**Required work**
Your response must be made up of each line in the data below that contains the string "Diamond".

[[ Data shown, beginning ]]

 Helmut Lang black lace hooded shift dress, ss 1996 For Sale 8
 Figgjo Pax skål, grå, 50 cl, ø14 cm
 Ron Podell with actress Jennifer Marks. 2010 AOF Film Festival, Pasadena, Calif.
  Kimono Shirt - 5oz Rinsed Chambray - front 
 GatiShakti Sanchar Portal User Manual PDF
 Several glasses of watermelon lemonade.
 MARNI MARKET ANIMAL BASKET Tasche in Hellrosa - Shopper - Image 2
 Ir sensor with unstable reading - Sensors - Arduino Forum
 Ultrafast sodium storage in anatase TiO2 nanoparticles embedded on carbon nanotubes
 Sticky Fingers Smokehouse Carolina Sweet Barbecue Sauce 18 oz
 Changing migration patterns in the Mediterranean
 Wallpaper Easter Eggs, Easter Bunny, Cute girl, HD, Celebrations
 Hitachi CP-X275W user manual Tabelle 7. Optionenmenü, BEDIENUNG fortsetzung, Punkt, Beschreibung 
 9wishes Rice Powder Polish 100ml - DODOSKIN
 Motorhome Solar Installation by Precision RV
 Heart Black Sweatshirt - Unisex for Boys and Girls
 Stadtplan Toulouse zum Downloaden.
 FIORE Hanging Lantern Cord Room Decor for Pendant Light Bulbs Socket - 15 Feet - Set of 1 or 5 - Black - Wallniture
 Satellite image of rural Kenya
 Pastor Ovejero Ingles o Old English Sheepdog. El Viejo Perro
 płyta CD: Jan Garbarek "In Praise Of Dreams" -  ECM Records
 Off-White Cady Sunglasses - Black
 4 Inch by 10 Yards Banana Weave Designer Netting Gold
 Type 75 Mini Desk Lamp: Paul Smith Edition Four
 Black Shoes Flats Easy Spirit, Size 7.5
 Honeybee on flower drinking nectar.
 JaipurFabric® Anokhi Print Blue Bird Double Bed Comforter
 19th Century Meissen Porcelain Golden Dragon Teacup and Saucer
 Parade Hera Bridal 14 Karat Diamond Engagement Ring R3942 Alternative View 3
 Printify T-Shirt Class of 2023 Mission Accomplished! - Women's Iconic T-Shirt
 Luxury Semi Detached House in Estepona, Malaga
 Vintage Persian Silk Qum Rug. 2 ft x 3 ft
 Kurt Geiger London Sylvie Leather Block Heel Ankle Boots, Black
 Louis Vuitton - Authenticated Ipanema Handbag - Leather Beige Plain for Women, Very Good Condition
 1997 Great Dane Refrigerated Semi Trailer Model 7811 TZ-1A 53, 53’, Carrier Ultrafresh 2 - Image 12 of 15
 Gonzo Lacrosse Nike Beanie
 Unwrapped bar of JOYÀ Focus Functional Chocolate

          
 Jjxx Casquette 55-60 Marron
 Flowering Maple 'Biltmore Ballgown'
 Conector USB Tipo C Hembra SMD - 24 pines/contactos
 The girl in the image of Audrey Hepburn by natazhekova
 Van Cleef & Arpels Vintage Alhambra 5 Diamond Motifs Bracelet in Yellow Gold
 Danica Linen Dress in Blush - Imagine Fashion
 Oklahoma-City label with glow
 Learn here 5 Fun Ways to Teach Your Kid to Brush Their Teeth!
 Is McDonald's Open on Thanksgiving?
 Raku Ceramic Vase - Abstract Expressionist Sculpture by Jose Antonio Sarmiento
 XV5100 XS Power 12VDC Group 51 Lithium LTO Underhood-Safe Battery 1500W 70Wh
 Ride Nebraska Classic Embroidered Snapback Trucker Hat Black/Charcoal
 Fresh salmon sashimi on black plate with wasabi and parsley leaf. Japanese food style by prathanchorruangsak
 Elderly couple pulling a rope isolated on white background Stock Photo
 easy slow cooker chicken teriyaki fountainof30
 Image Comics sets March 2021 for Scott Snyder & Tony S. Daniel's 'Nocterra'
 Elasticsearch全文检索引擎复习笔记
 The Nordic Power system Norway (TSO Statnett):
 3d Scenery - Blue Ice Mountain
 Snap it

[[ Data shown, end ]]

**Answer box**
 Parade Hera Bridal 14 Karat Diamond Engagement Ring R3942 Alternative View 3
 Van Cleef & Arpels Vintage Alhambra 5 Diamond Motifs Bracelet in Yellow Gold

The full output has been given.